SOURCE DATA:
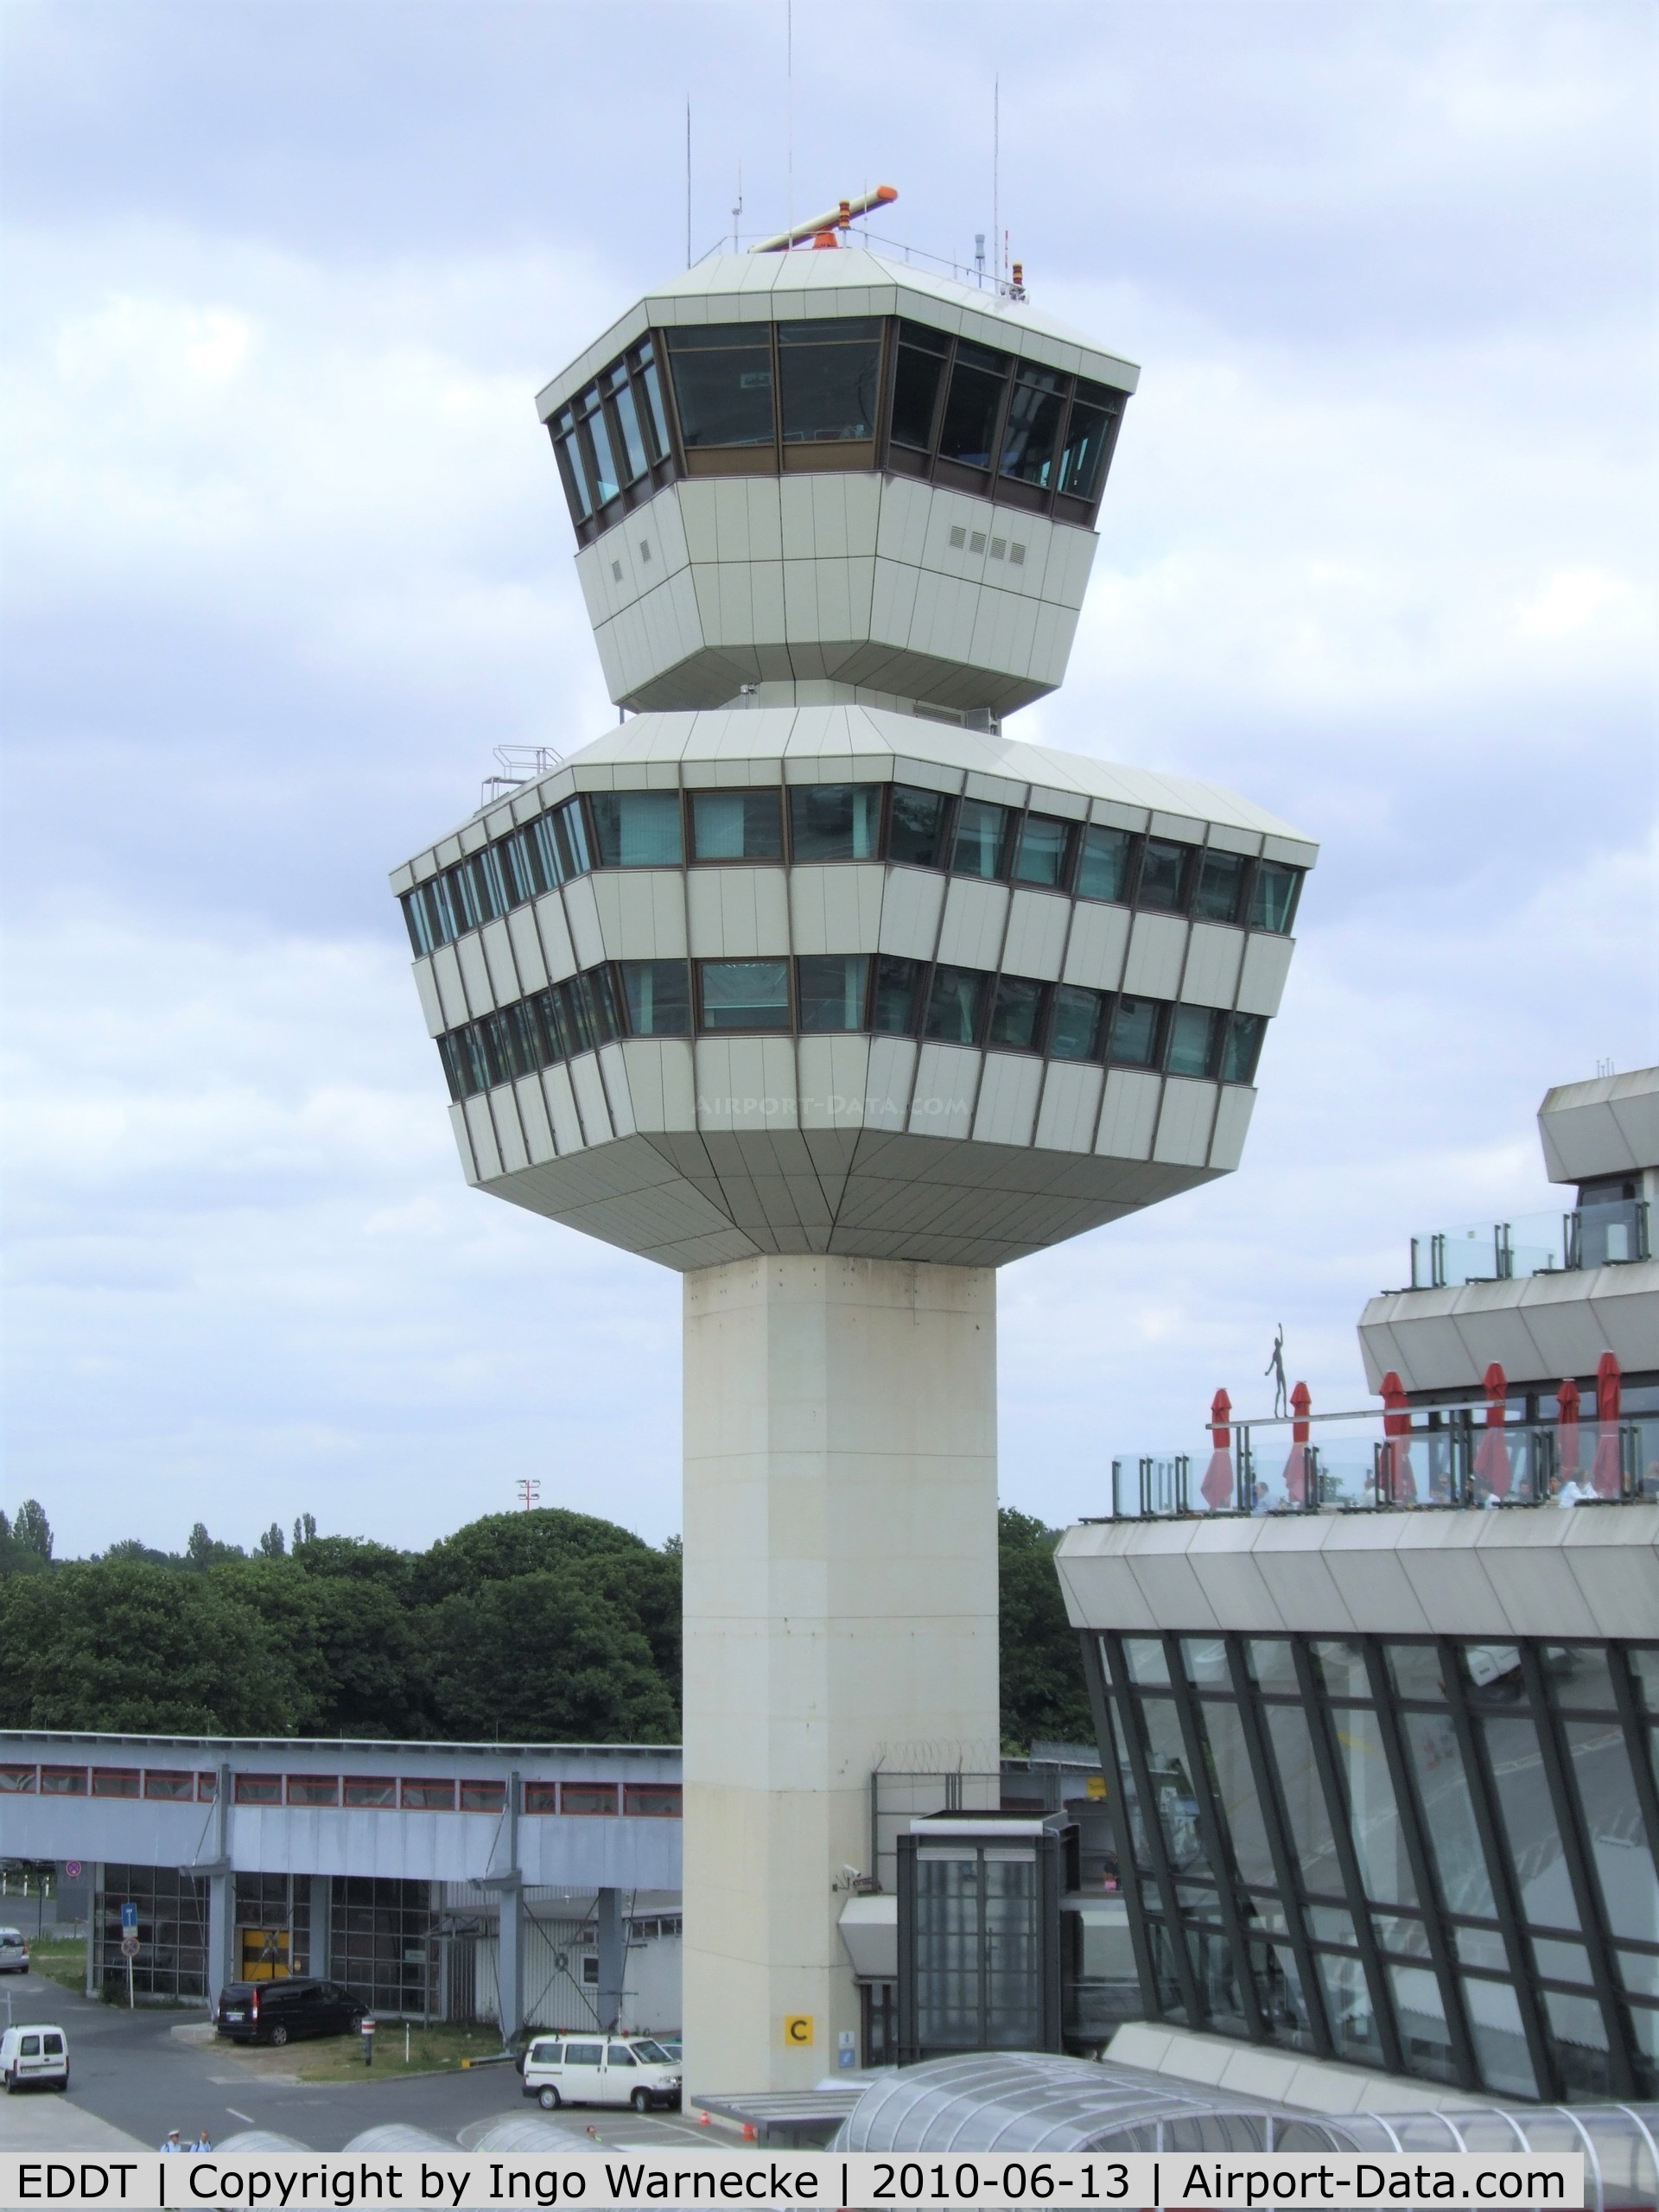 Tegel International Airport (closing in 2011), Berlin Germany (EDDT) - airside view of tower at Berlin Tegel airport
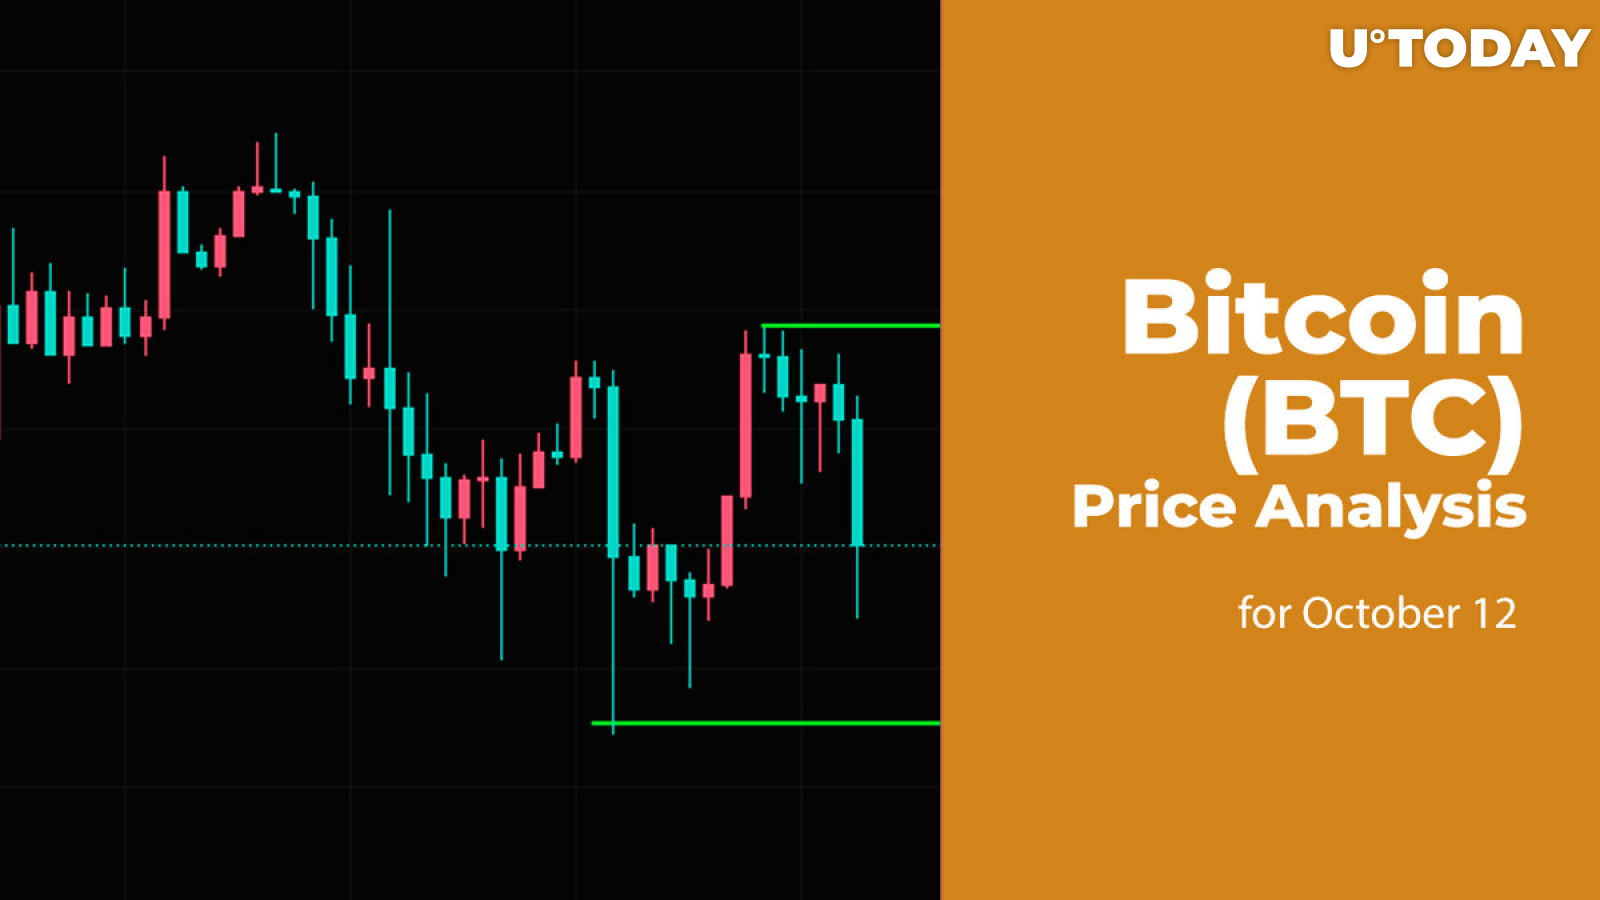 Bitcoin (BTC) Price Analysis for October 12
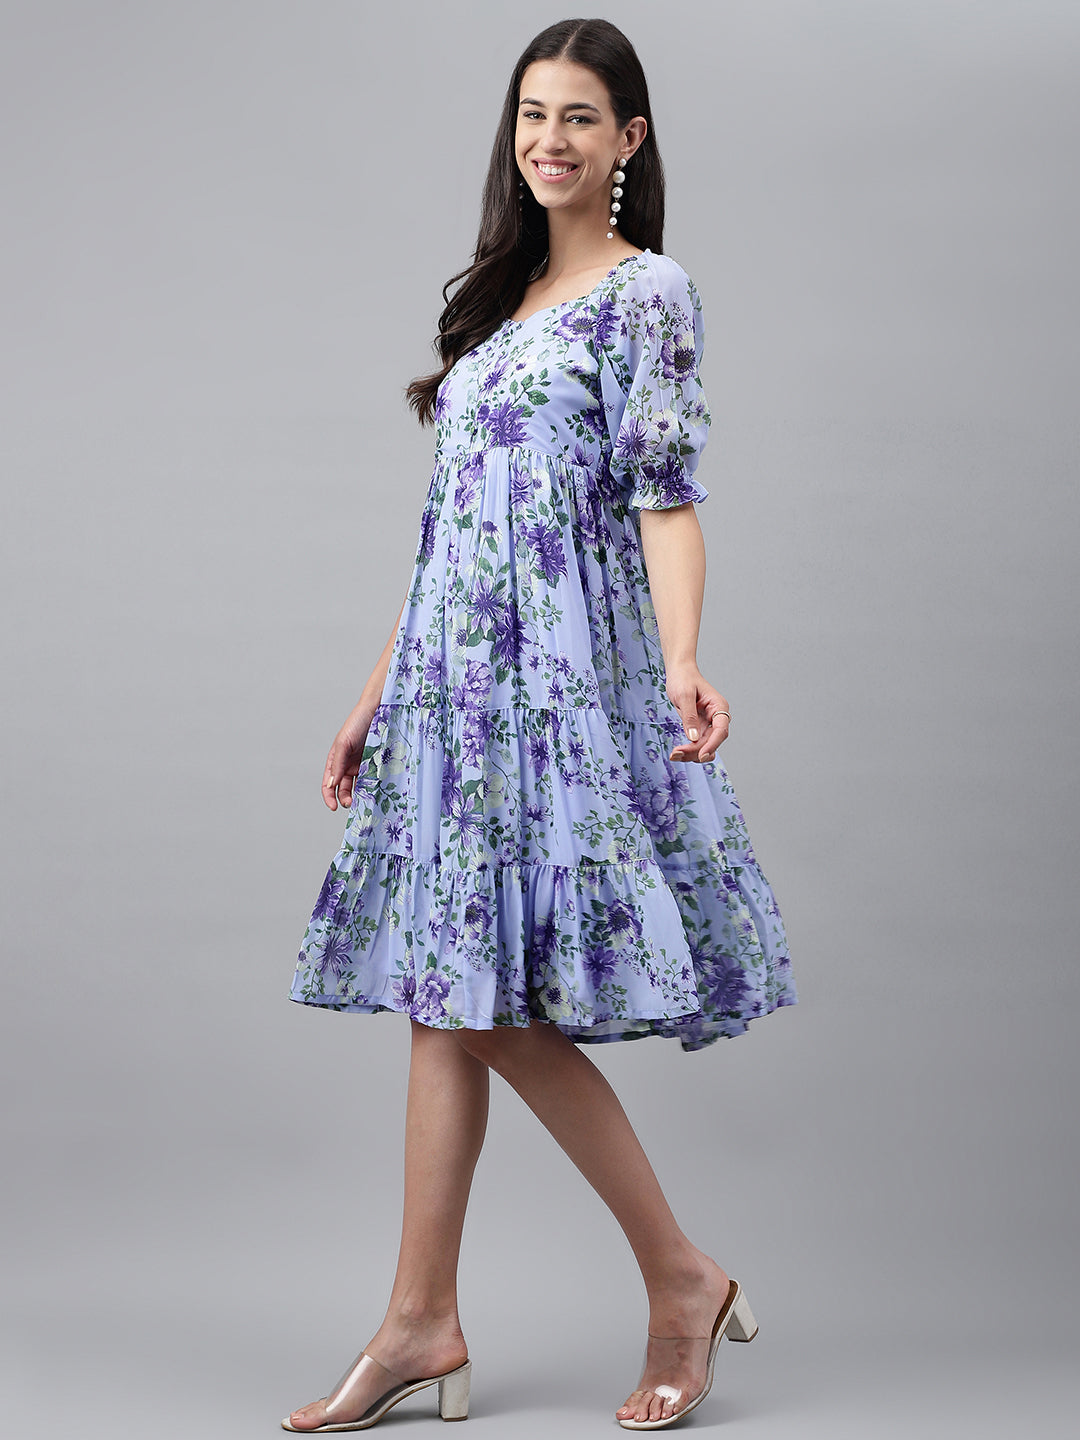 Dress: Buy grey handwoven cotton A-line dress online at bebaakstudio –  Bebaak

PROBLEM REQUIREMENTS:
Drop the images, then copy the data exactly.

THE ANSWER:
 Tegel International Airport (closing in 2011), Berlin Germany (EDDT) - airside view of tower at Berlin Tegel airport
 Bitcoin (BTC) Price Analysis for October 12
 Dress: Buy grey handwoven cotton A-line dress online at bebaakstudio –  Bebaak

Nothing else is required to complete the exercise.